The panel was "very concerned" about the situation because staff did not mention it during more than four hours of safety discussion with key school staff members on Oct. 30.

Also, if the information is accurate, "The school's response to the concerns of this potential victim were completely inadequate," the memo said.

"The panel is unclear as to whether the staff failed to perceive this as a safety issue (and if so, is concerned about what other safety related issues the staff may be failing to perceive) or whether the staff are minimizing or concealing events that do not reflect well upon the school," the memo said.

The situation could be a teaching opportunity for the staff to examine "faulty premises they appear to be laboring under and the ways that their institutional culture continues to miss the mark," the memo said.

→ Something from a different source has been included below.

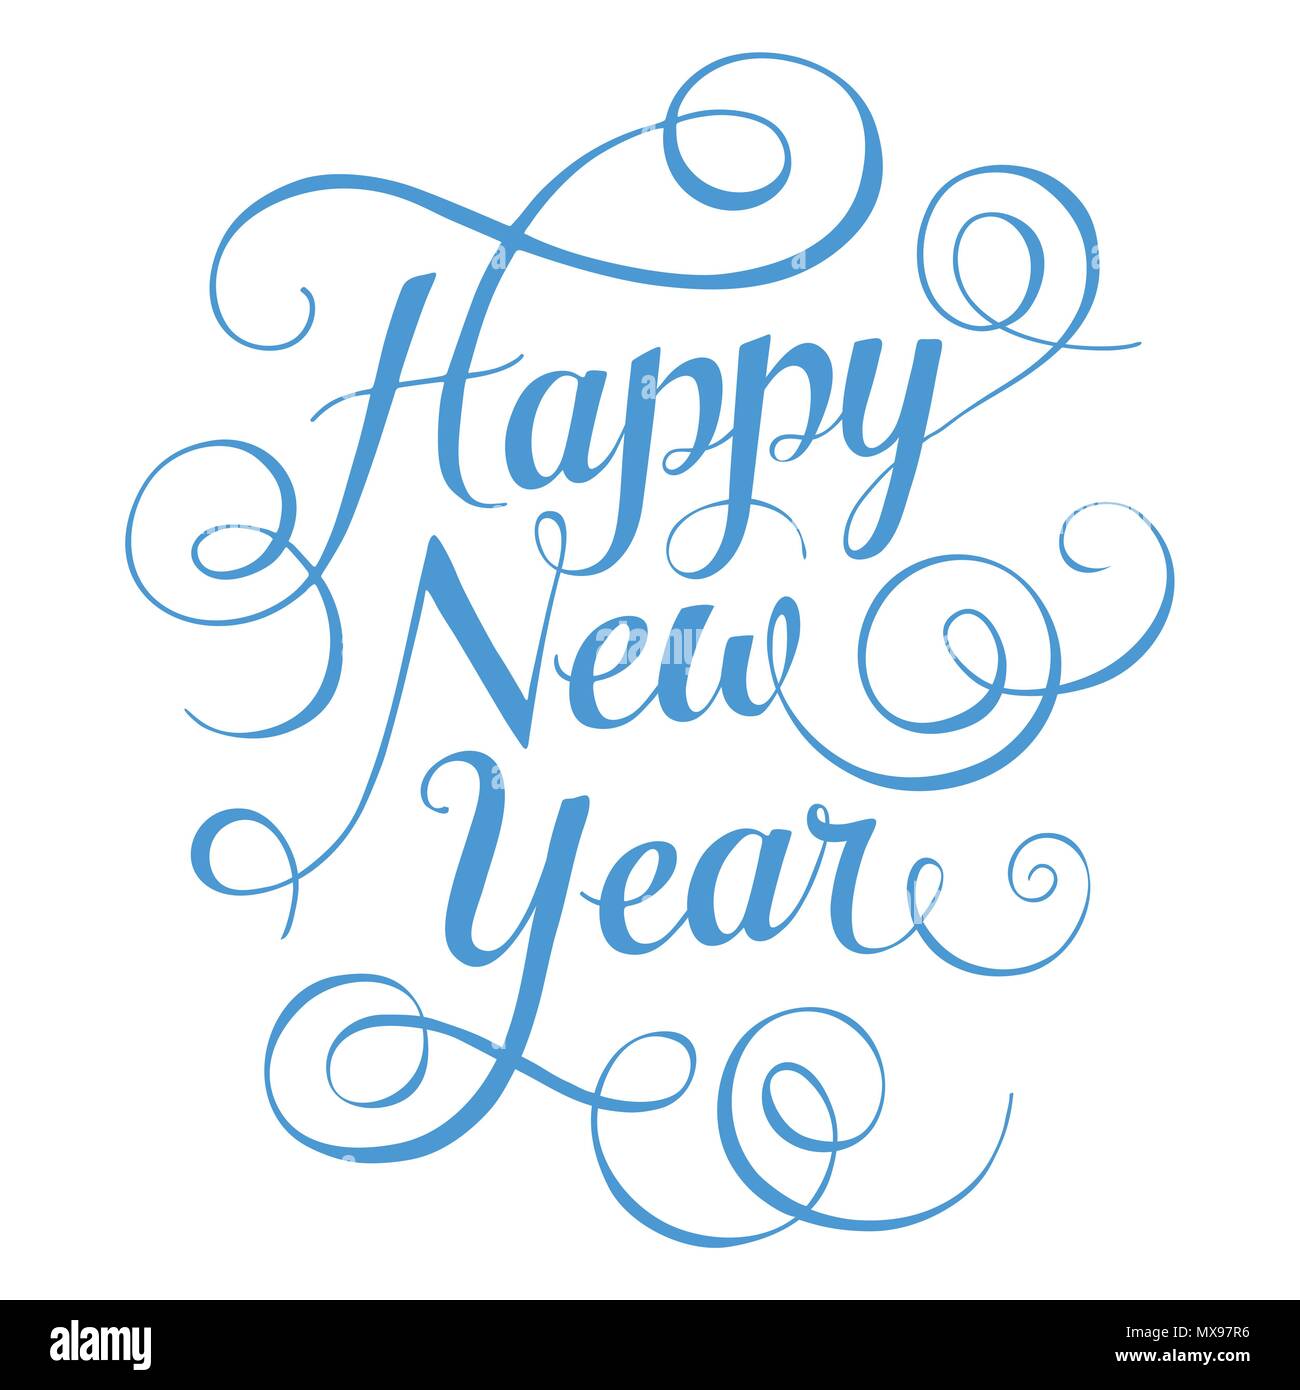 Thiết kế chữ Happy New Year màu xanh rực rỡ chắc chắn sẽ thu hút sự chú ý của bạn. Với nền trắng tinh khôi, những chữ viết đầy năng lượng sẽ mang lại niềm tin vào một năm mới đầy khởi sắc và thành công.

Panel members also were concerned that the school no longer documents details of incidents that prompt reports to Child Protective Services. Without that, the school could wish "to obscure" whether there were any events leading to a protective services report and what the school's role was in response, the memo said.

Such details could be helpful in planning support for the child, it said.

The panel suggested that among other steps, the school's trustees require the superintendent to sign off on every Child Protective Services report.

It also suggested that the superintendent be required to submit formal written reports to the board regarding reviews of all records of behavioral infractions collected in its new Safe and Civil Schools database.

"The board should have a formal policy and role in holding the superintendent . . . accountable," the memo said.